CSE 291 LECTURE NOTES

January 4, 2005
 
 

WELCOME

See the introductory information.


REASONING VERSUS LEARNING

Probability theory is deductive, i.e. a form of reasoning:  "Given information about a certain probability distribution, what is the probability of a certain event?"

Statistical inference is inductive, i.e. a form of learning:  "Suppose we assume a family of probability distributions, and we observe certain events.  Which member of the family should we use for future reasoning?"

All inductive reasoning has two important properties:  (1) the conclusion is not guaranteed to be true, and (2), the conclusion depends on assumptions (i.e. prior knowledge) in addition to depending on observations.

Example:  Consider a large population of neurons.  At age t, proportion pi(t) are still alive.  At ages t1, t2, ... we take a random sample of n neurons and count how many are alive.  An observation is an ordered set (r1 ... rs) of integers.  Terminology: Note that here one observation x is an entire vector  (r1 ... rs)  of multiple measurements.

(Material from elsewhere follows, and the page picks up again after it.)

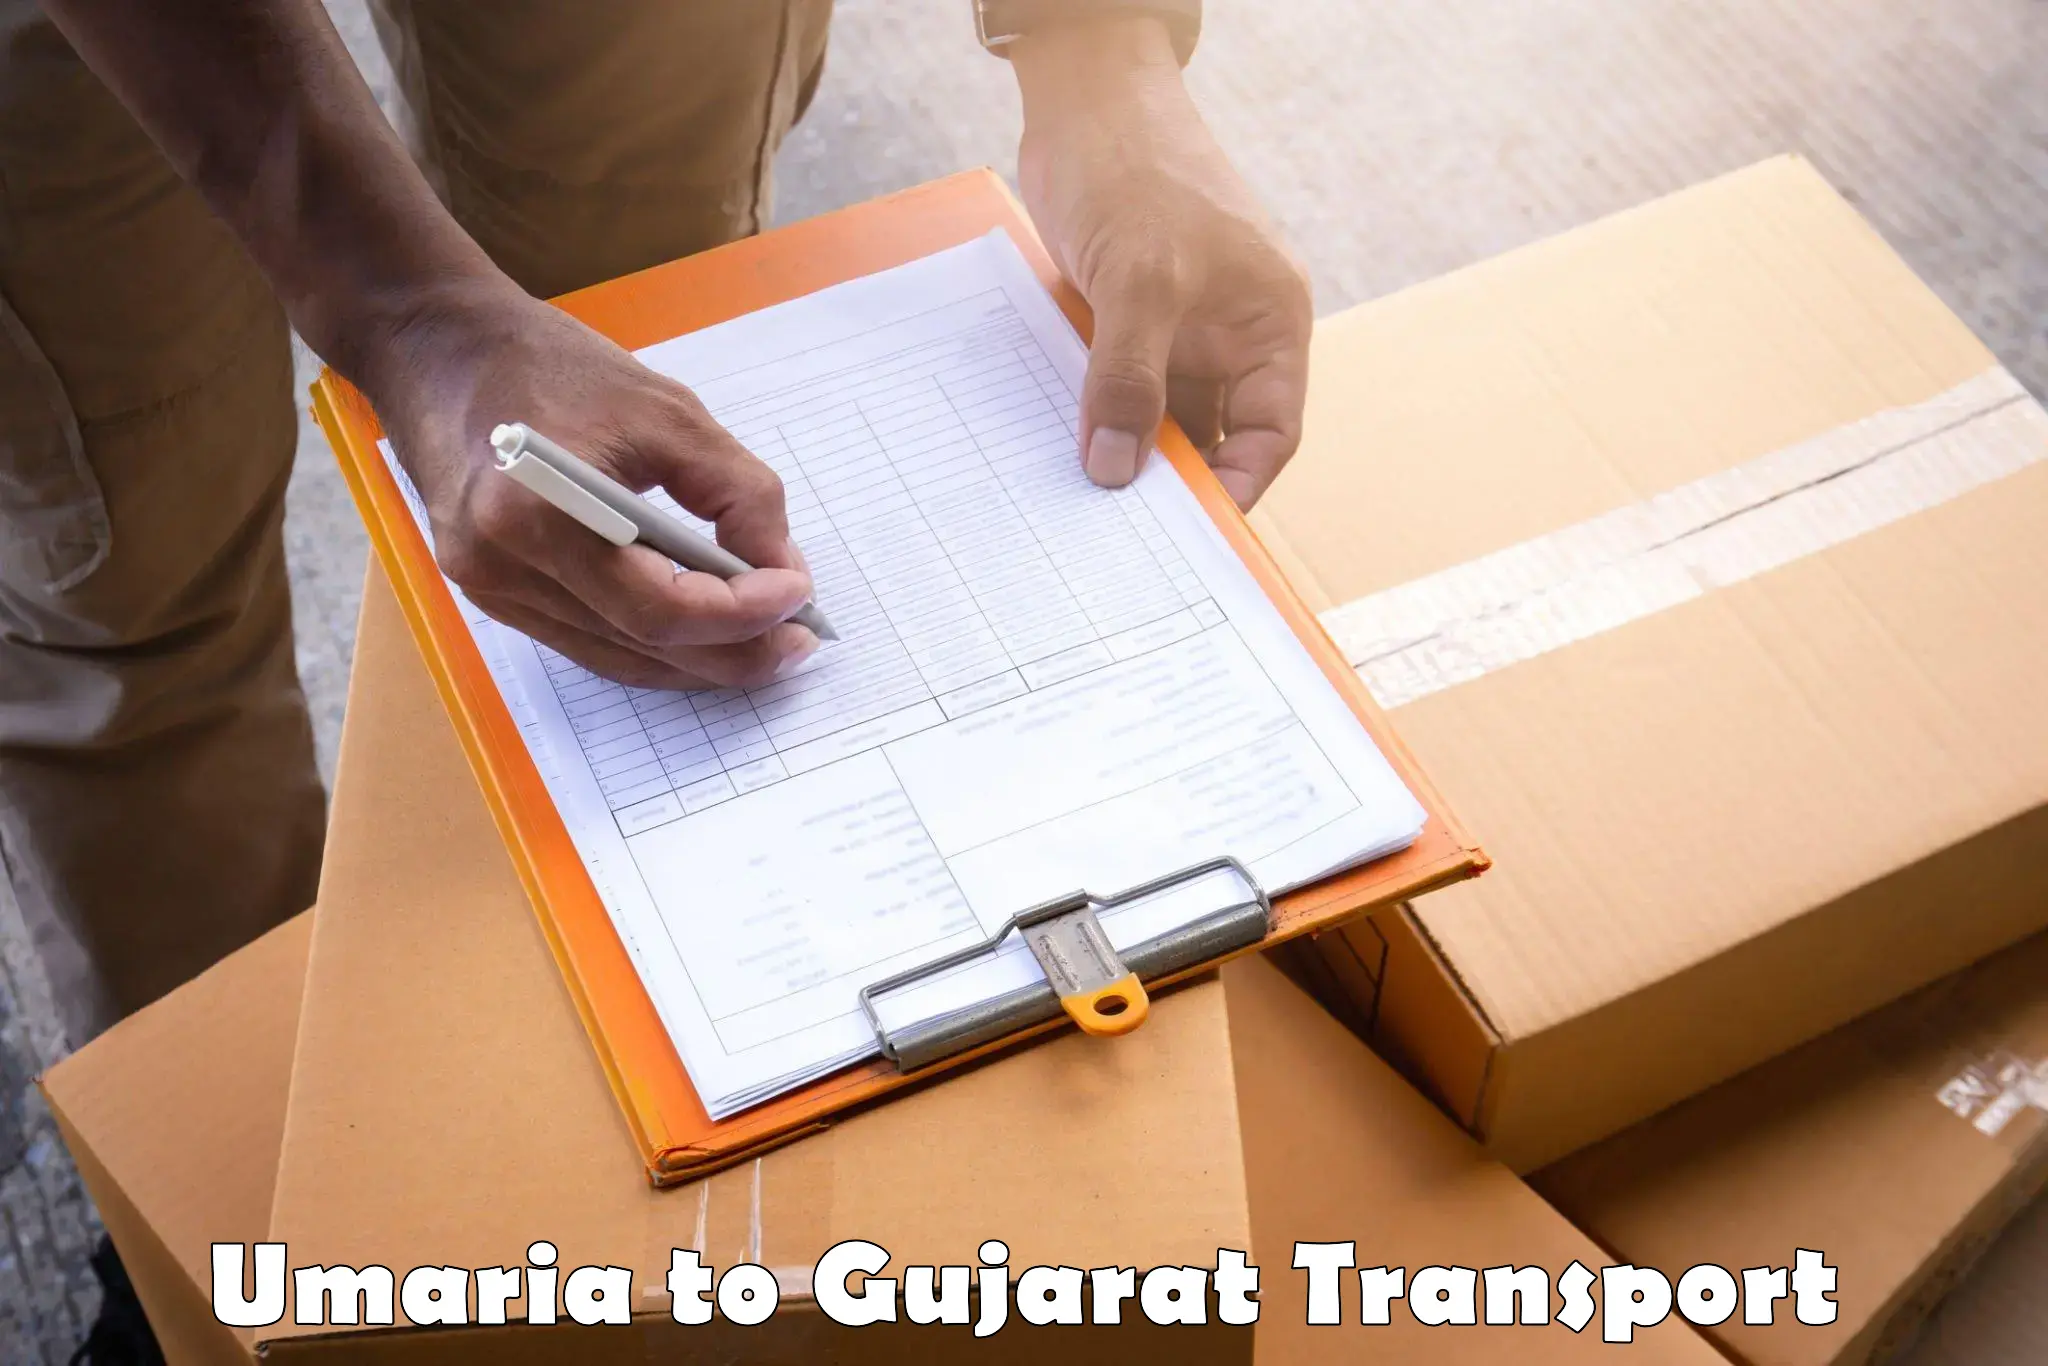 Transport in sharing in Umaria to Patan Gujarat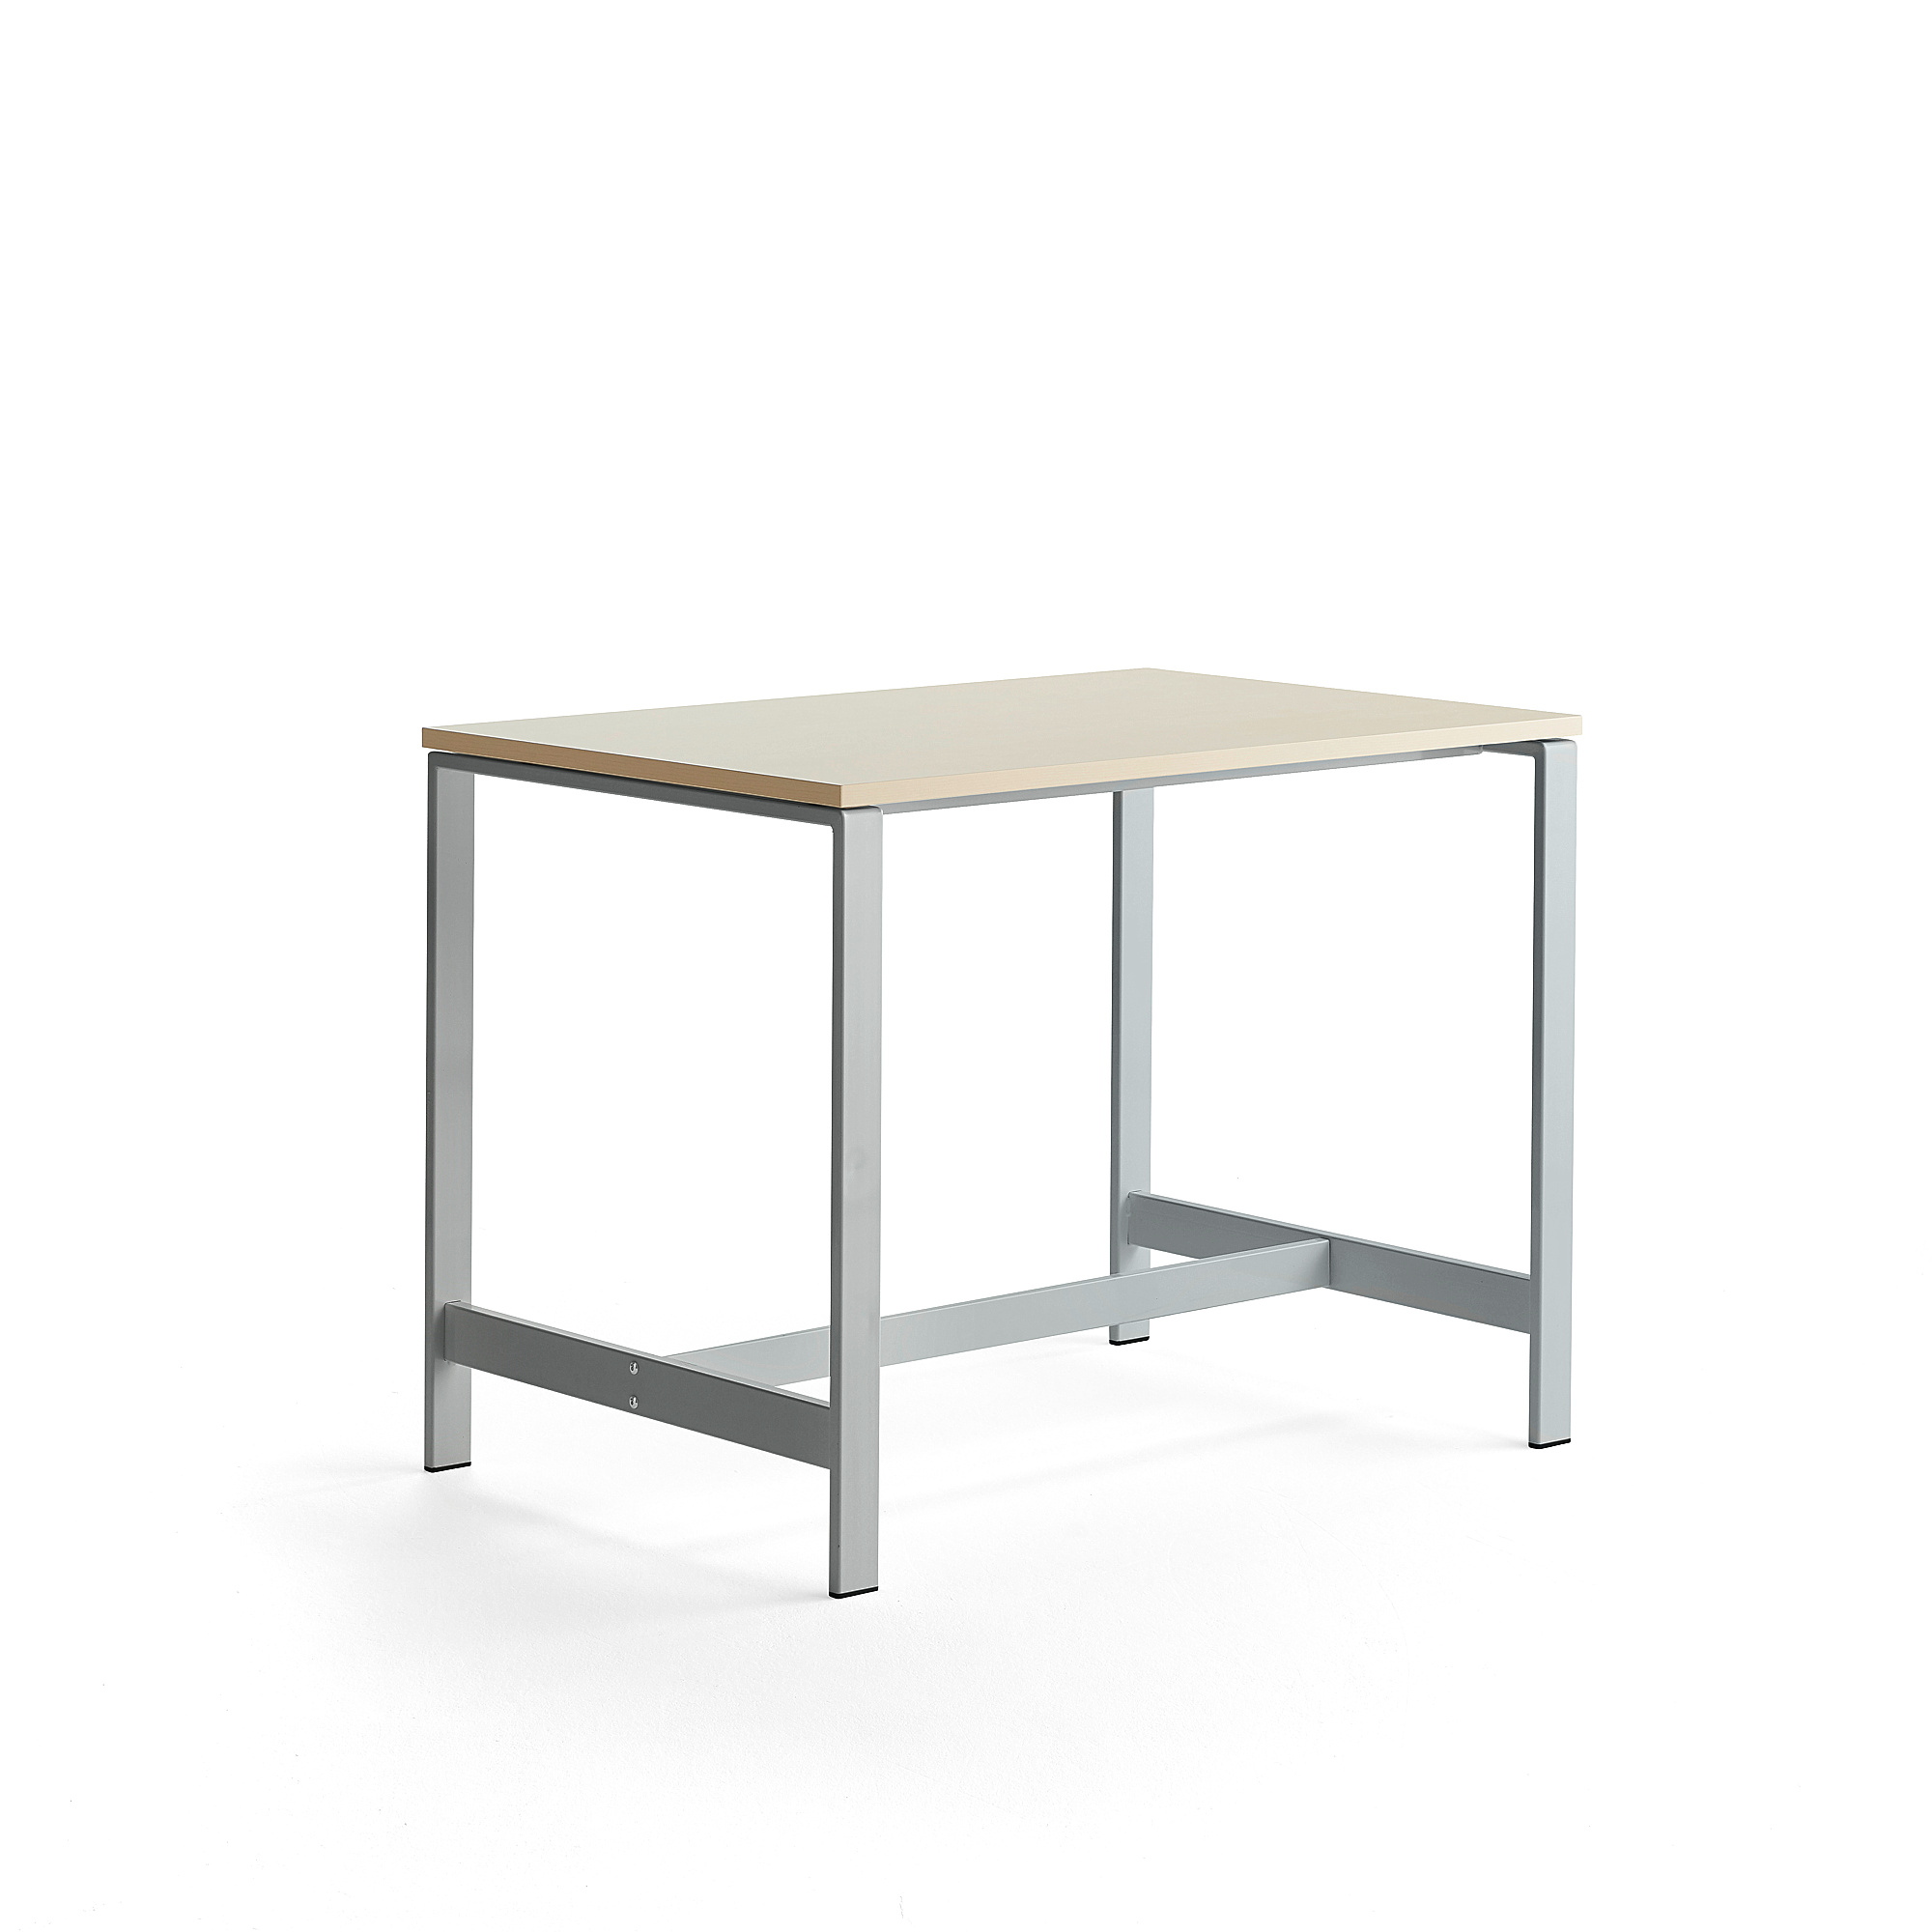 Stůl VARIOUS, 1200x800 mm, výška 900 mm, stříbrné nohy, bříza

If pi(t) is known, then p(r1 ... rs) = PRODUCT_i=1 s  (n choose ri) pi(ti)^ri [1 - pi(ti)]^(n - ri).  This computation is an example of deductive reasoning using probabilities.

But pi(t) is not known!  What we know (that is, what we assume) is that pi is a non-increasing function of t, and we want to induce what pi(t) is.

Note the role of prior knowledge: even though the sequence (r1 ... rs) may not be non-increasing, we assume that pi is.

Generally, we assume a family P_theta of possible distributions on the sample space {x} and the task is to choose an appropriate theta.  Here, the observation x is (r1 ... rs).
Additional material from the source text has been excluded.